Tuhabonye’s pupils are called “Gilbert’s Gazelles.”
“I like it-I like watching people, training people. Also, working in the store, you meet a lot of people-because everybody needs shoes. It’s nice in Austin, because everybody likes to run,” he said.
Murray isn’t surprised at Tuhabonye’s current jobs and projects.
“He’s going to be successful wherever he goes,” Murray said. “He’s got a niche down there, he’s done a good job, developed opportunities for himself-I’m proud of him. I think he’s done a good job representing ACU, even past his athletic career here.”
For 10 years, athletics have often given Tuhabonye the platform to tell his story. He tells it freely and with feeling, careful always to give God the glory. He also leaves his future in the hands of his creator.

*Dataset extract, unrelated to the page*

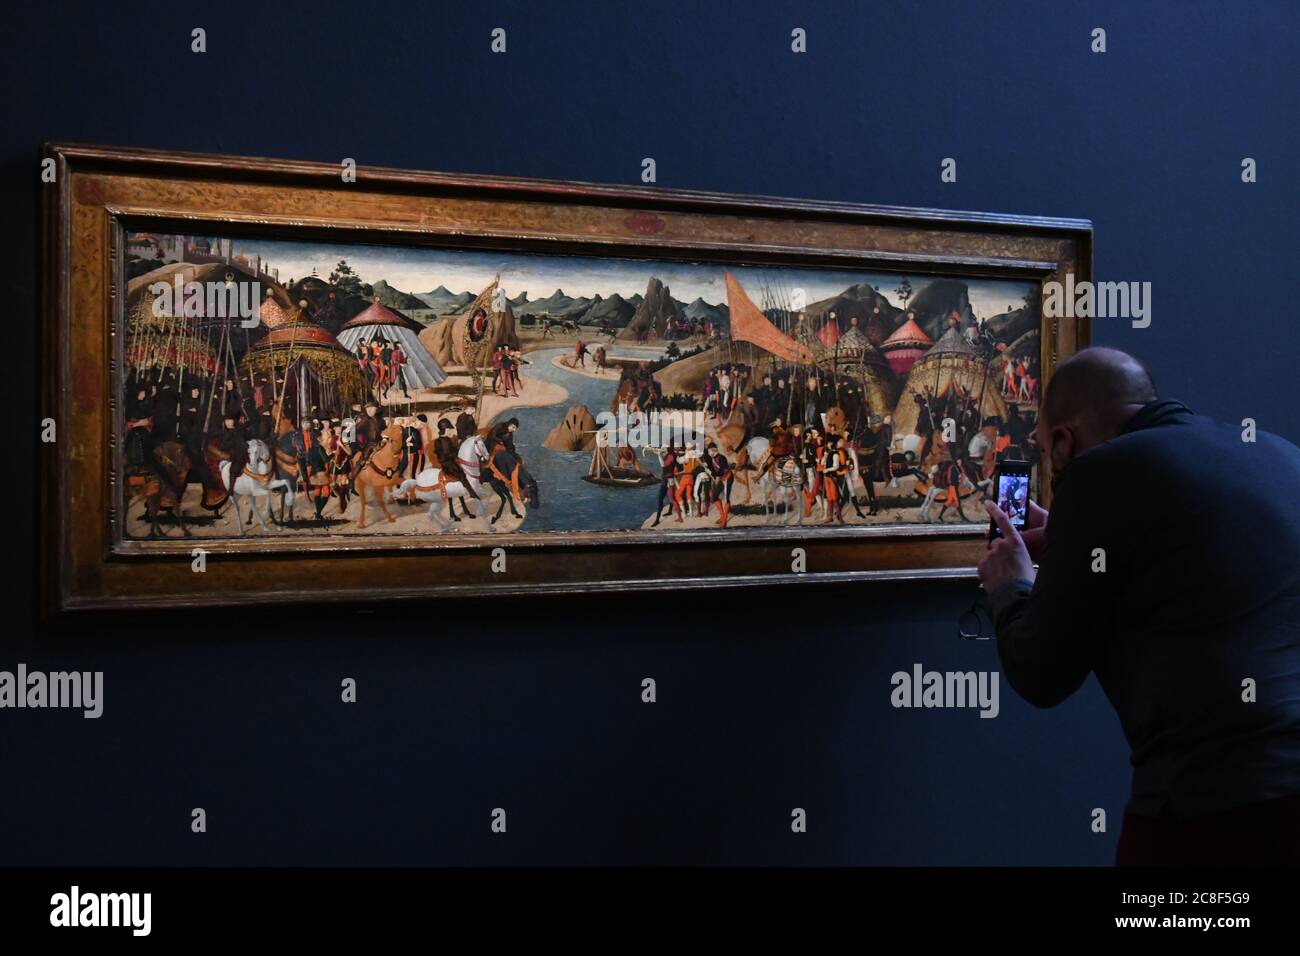 London, UK - 23 July 2020. SothebyÕs present Rembrandt to Richter, a one-off auction and exhibition that spans over half a millennium of art history,  unveiling over 70 works showcasing 500 years of art history at Sotheby's London. Paolo Uccello. Battle on the Banks of a River, Probably the Battle of Metaurus. Estimate £600,000-£800,000    (EMBARGOED for release until 9am BST 24 July 2020) Credit: Nils Jorgensen/Alamy Live News Stock Photo

“There’s a lot of things I hope to do,” he said. “In terms of a career, I’ll go wherever God is taking me.”
What he has done with his tumultuous past also is profound.
“I’ve learned how to forgive and to forget and how to focus more on how to lead other people and be a good example-speaking a word for God, being an ambassador for him as much as I can,” Tuhabonye declared.
“Because if it wasn’t for God, I wouldn’t be here.”